Recent articles in the Deseret News warned of efforts to push religion out of the public square. Freedom of religion, we were told, is under attack in America.
In my view, religious freedom is proliferating as never before, and involvement of religion in American public life has never been greater.
Religion, seemingly, is everywhere. It's all over the Internet, TV and radio. Several local TV channels, for example, offer LDS-oriented programs. One station even has an anti-LDS show anchored by a smiling ex-Mormon. Other channels feature energetic preachers who say, in effect, "Send money." Ministers pop up often on talk shows and the news.
We see faith messages on bumper stickers and signs. Most homes I enter have something religious hanging from the walls or perched on mantels, shelves or tables. A few years back, the Utah Legislature even mandated that public schools place "In God we trust" signs in their buildings.
Here's a question for News readers: Aren't you tired of all the religion in today's politics?
We've always had politicians who were grandstanders for Jesus, but when I was growing up, the church-state mix seemed less overt. Yes, Kennedy had to promise in 1960 that he wouldn't take orders from the pope. But I don't recall George Romney's LDS faith being a hindrance in 1967 when he raced to the front of the Republican presidential pack. Instead, he was done in for being right too soon about the wrongness of the Vietnam War.
In the past presidential race, religion stood front and center: Obama's pastor, the usual acrimony on abortion, born-again preacher Mike Huckabee's polarizing comments, Obama labeled a Muslim, Mitt Romney forced to defend his beliefs, the religious right working to defeat Romney, pastor Rick Warren interviewing Obama and McCain and the media playing up religious conflict. Also, religion might have played a part in Brother Romney's 90 percent to 5 percent win over Brother McCain in Utah's GOP primary.
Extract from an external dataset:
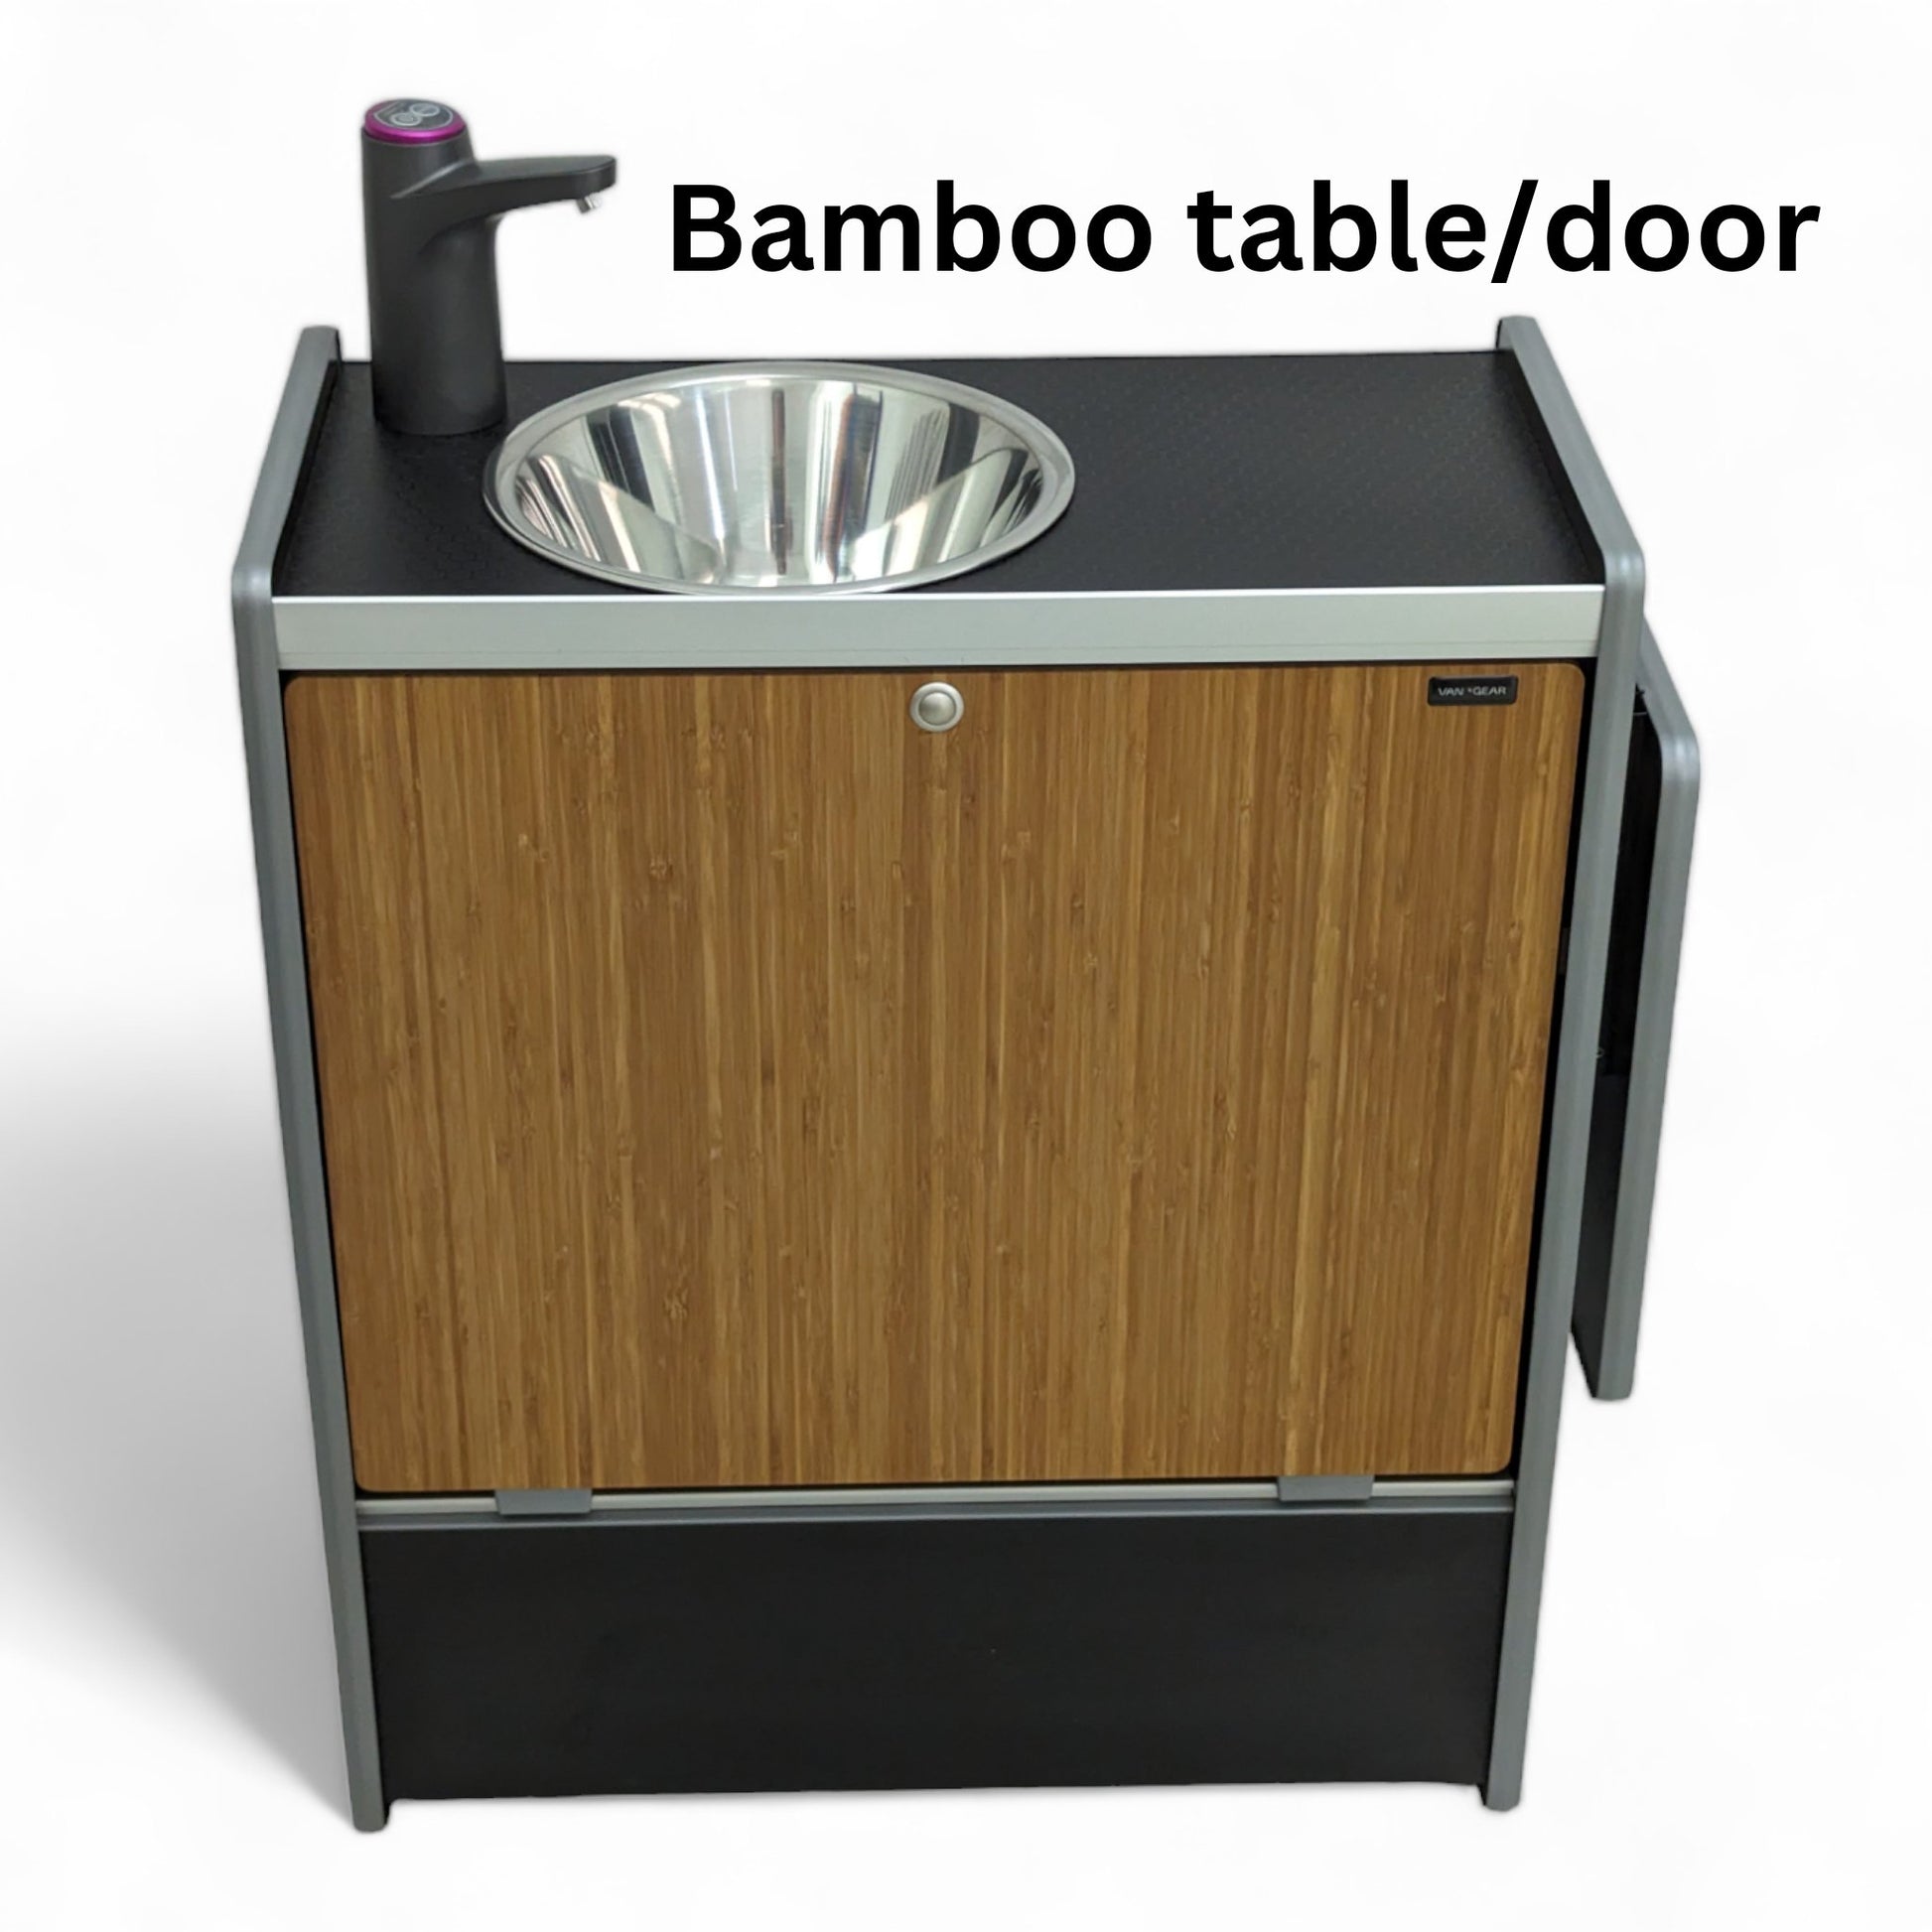 Vangear Nano-Pod 2.1 campervan kitchen-Black with Bamboo door - Vangear-EU

Religion has pushed aggressively into the public square in the form of Moral Majority, the religious right and individual denominations pursuing agendas. A few years ago, a friendly federal government began to provide funds for certain social programs sponsored by faiths.
People who target churches with vandalism and over-the-top anger do not endanger religious freedom. Instead, reasonable Americans sympathize with those who are targeted and believers often wear persecution as a badge of honor.
Some say that religious liberty is threatened when Ten Commandments plaques are removed from government buildings or when public entities cease to offer prayers. In my view, removing plaques and prayers increases religious liberty. It means that a person is free to believe or not believe without government telling him that believing is the norm.
As a Christian, I need no heavy-handed hints from government about whether to believe or what to believe. I don't even believe everything my own church teaches.
Churches would be wise to acknowledge that the resentment directed at them for their incursions into the public arena doesn't stem only from their favored tax-exempt status. It also is connected to the quite reasonable perception that religions by their very nature can command zealous participation and financial support that other organizations can only dream of. Moreover, many who enter the public square to push a religious agenda do not seem blessed with the ability either to compromise or to respect their opponents' intentions. Too often, Christian soldiers go to battle armed with myths and misinformation. As a result, they exacerbate the divisiveness of today's U.S. politics.
If faiths continue orchestrating forays into the public arena, they should recognize that the way they espouse a cause may be as important as the cause itself. They certainly should not presume that pushback means that religious freedom is under attack.
Steve Warren is a former member of the Deseret News copy desk.